Cuando utilizaron solo las señales EEG de la gorra de cobertura completa, los modelos ya separaban pacientes de voluntarios sanos y, a menudo, podían diferenciar los dos subtipos bipolares. Pero añadir las características fNIRS mejoró consistentemente estos resultados, especialmente en los problemas más difíciles: distinguir el tipo II de los participantes sanos y diferenciar tipo I de tipo II. Las mediciones basadas en luz aportaron información sobre cómo interactúan los vasos sanguíneos y la actividad neuronal en la zona frontal, captando sutiles diferencias neurovasculares que el EEG por sí solo no detectaba. Incluso cuando los datos EEG se limitaron solo a sensores frontales —imitando un sistema simplificado y más portátil—, la combinación de EEG y fNIRS redujo las clasificaciones erróneas y mantuvo un alto rendimiento.

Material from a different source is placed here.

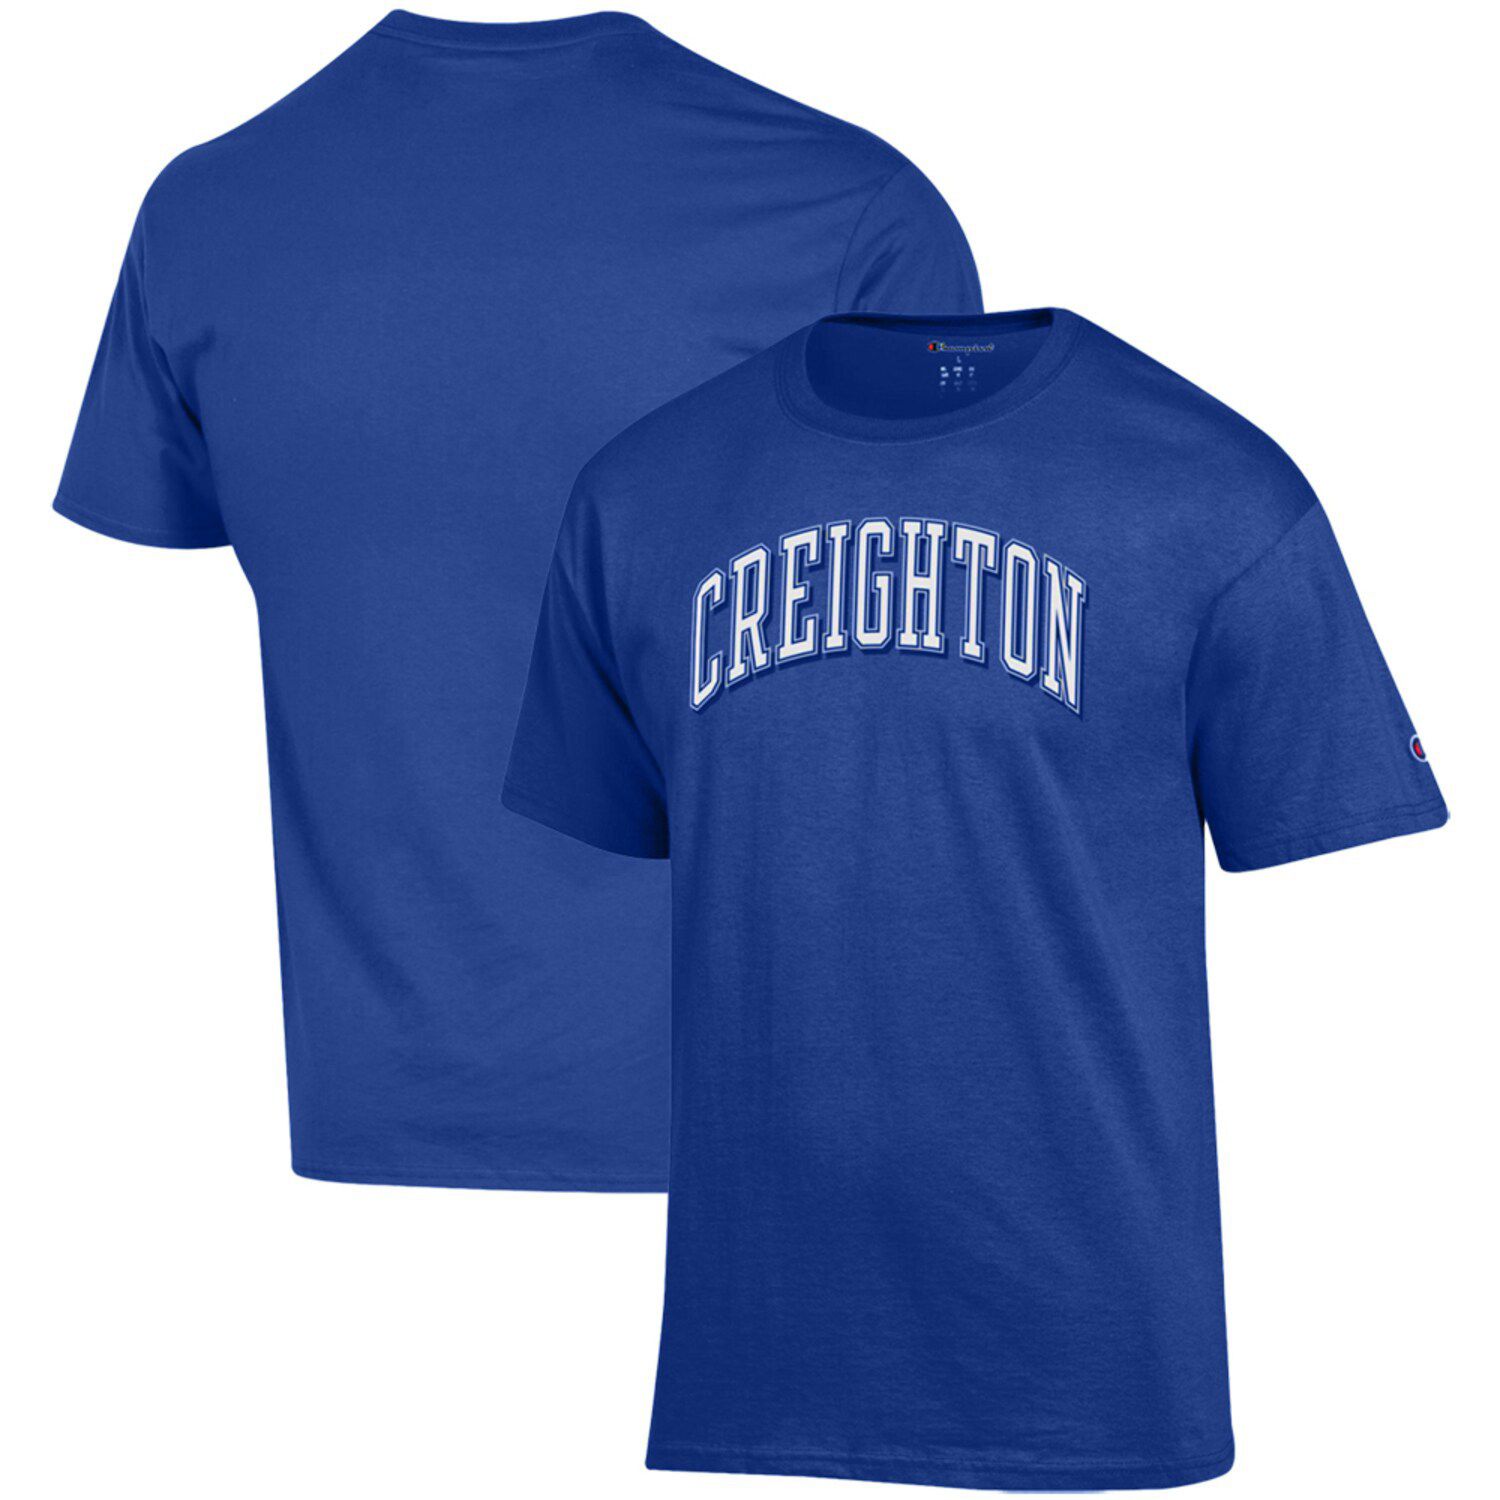 creighton t shirt

Hacia un diagnóstico más simple y objetivo

En términos sencillos, este estudio muestra que un conjunto reducido de sensores en la cabeza puede detectar patrones cerebrales fiables que difieren entre personas sanas y pacientes con trastorno bipolar, e incluso entre sus principales subtipos. Al emparejar la actividad eléctrica y los cambios en el flujo sanguíneo, el método refuerza la señal disponible para los clasificadores computacionales, haciendo las distinciones de subtipo más precisas. Aunque hacen falta estudios más amplios, estos hallazgos apuntan a futuras herramientas aptas para la clínica que podrían complementar las entrevistas, ayudar a evitar diagnósticos erróneos y, eventualmente, permitir un tratamiento más temprano y personalizado para quienes están en riesgo de trastorno bipolar.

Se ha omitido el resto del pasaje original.